Kayseri’de yaşayan ve tarihimize dair kaleme aldığı eserlerle tanınan Süleyman Kocabaş ile İstanbul’daki fuarlar sırasında ayaküstü de olsa selamlaşır, görüşür ve muhabbet ederdik. Bitmez tükenmez bir enerjiye sahip bu değerli yazarımız, sayısını bilemediğim birçok esere imza attı bugüne kadar.

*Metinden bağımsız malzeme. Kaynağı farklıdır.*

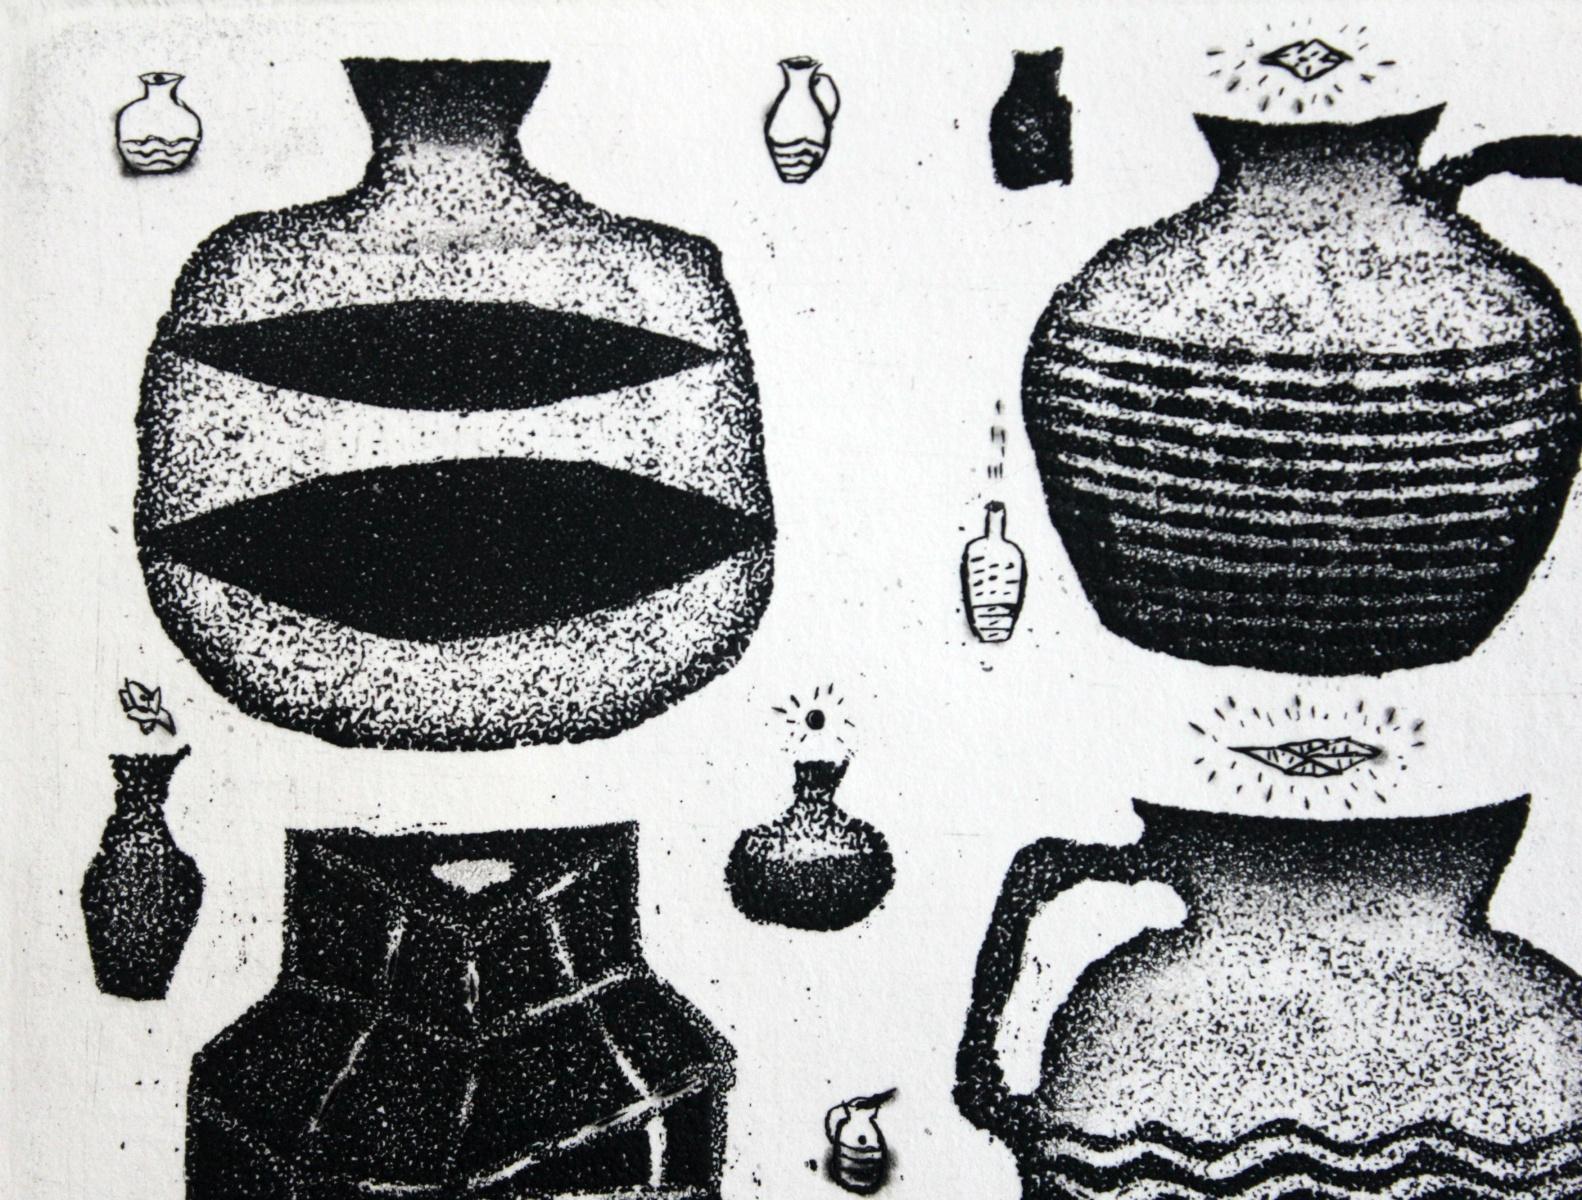 Satiety and thanksgiving of clay pots - XXI century, Black and white etching - Print by Jerzy Dmitruk

Son olarak Beyazıt’ta düzenlenen kitap fuarında görüşmüş ve yeni rahmete kavuşan talebem Zeynep Didem Gezgin’in kendisiyle röportaj yapmasını sağlamıştım. Süleyman Kocabaş’ın Vatan Yayınları’ndan çıkan yeni eseri Dil Devrimi ile Gelen Birinci Büyük Dil Yol Kazası adını taşıyor. Dil maceramızın 1932-1980 yılları arasındaki dönemini detaylı olarak inceleniyor. Alt başlık dikkat çekici: “Yaşayan Türkçenin Tasfiyesiyle Uydurukça Dil İcadı”. Kocabaş, güzel Türkçemize zoraki yapılan müdahalenin olumsuz neticelerini dile getirirken bir dilin kendi tabii mecrası içinde gelişmesi ve değişmesi gerektiğine inanıyor. Ona göre, Yaşayan Türkçemiz esastır. Bütün dilcilerimizin, edebiyatçılarımızın sahip çıktığı ve eserlerinde yaşattığı “Yaşayan Türkçe” kavramını savunuyor. Ki bu davanın bayraktarlığını 1980’li yıllarda Tercüman gazetesi üstlenmişti. Araştırmacılar, bilim adamları ve hususiyetle dil hocalarımız, “Yaşayan Türkçe”nin önemine dikkat çeken seçkin makaleleri kaleme almışlardı. Şükürler olsun dil davası kazanıldı. Artık bugün TDK tarafından dayatılan bir Türkçe ve kötü kelime yok. Aksine halkımızın ve aydınlarımızın, yazarlarımızın ve toplumdan her kesimin sahip çıktığı, kullandığı, yazdığı canlı dil var. Yani Yaşayan Türkçe. Dil davası önemlidir. Bu yolda yazılan her eser kıymetlidir.

ROMAN VE HİKÂYESİ

Türkçede sevilerek okunan güzel romanlar ve hikâyeler yazılıyor. Bu eserler, nesillerin bediî zevkini geliştiriyor, fikirlerini olgunlaştırıyor, ufuklarını açıyor. Dergilerde yayımlandıktan sonra belli bir olgunluğa kavuşmuş olan hikâyelerin kitaplaşması gerekiyor.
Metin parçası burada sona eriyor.